04 October 2008

The debates, a little late

One of my dear readers (hi, Cyndi!) actually took the time to email me because she just KNEW I had a Vice Presidential Debate wrap-up in me and she noticed that I had not written it.

I went over to Santa Clarita to watch the debates at Queen of Spain's house with about 20 other people, many of them bloggers. Yes, I drove an hour to spend watch 90 minutes of debates, which seems nutty but these are mah peeple!

People who aren't addicted don't understand the pleasure that comes from hanging out with people who don't make a fuss when you twitter or post or put up a photo or an Utterz or whatever it is you simply must do right that moment in cyberspace.

So. Onto the debate, about which I have only ONE comment: While the rest of the world was sighing over Joe Biden's choking up about his family's tragic accident, I was busy having the debate completely reframed in my mind.

That one moment snapped everything back into reality for me.

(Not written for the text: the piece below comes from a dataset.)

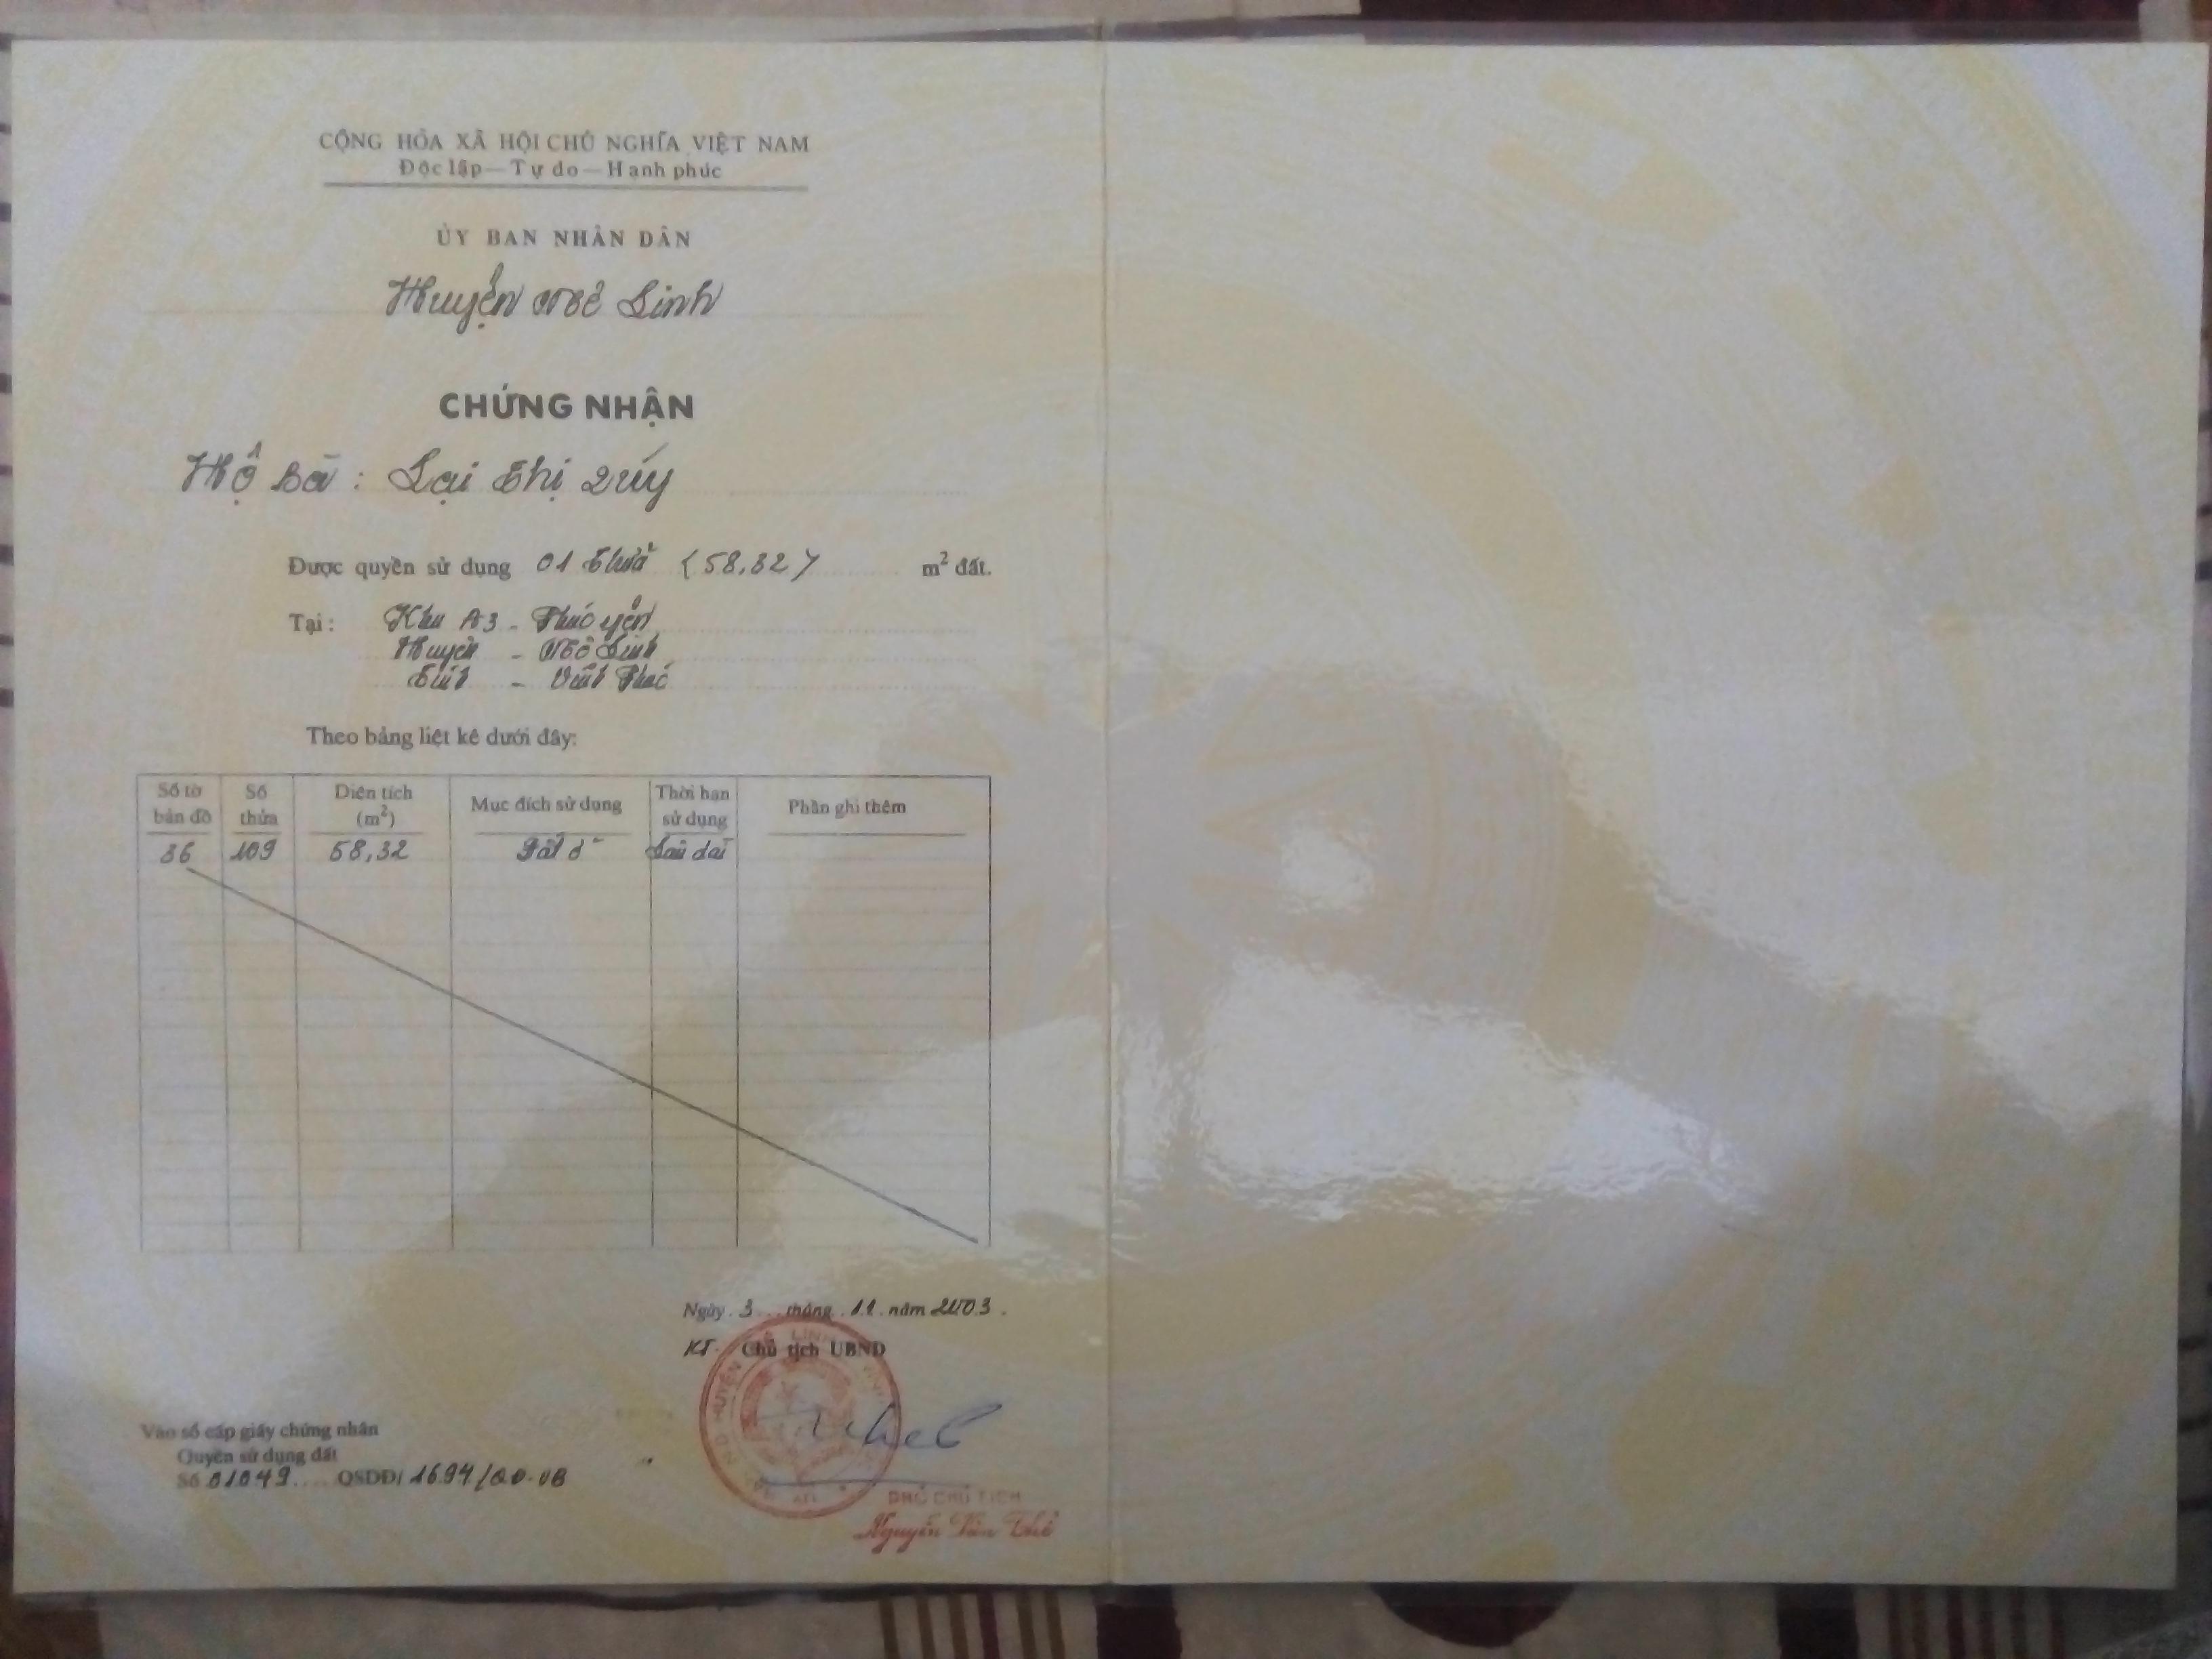 Cần bán đất sổ đỏ chính chủ tại số nhà 52 phố Lạc Long Quân, phường Hùng Vương, Phúc Yên

Because, you see, a few days ago, I had heard Joe Biden on the radio talking with a reporter about how he had done the EXACT same thing at a campaign rally. He told the reporter how embarrassed he was and how he wouldn't go there again.

But he did, he did go there again AFTER he said he wouldn't. He went there because he knew the moment worked, that it connected with people. Seeing that reminded me of one thing: all these people are doing is trying to get elected, and they are using all the tools in their political toolboxes to do it.

There is no reality there. Or if there is, it is about as "real" as the fourth season of "Bret Michaels: Rock of Love."

It reminds me of when I was a reporter. I did what I had to to get the story. I used all my super Spidey senses to try and determine what would get people to spill the good stuff. If they needed concern, I gave them deep, furrowed-brow concern. If they wanted to show me their prized orchid collection before they showed me the documents I really wanted, by God, I exclaimed over their paphiopedalums like I had never seen a flower before.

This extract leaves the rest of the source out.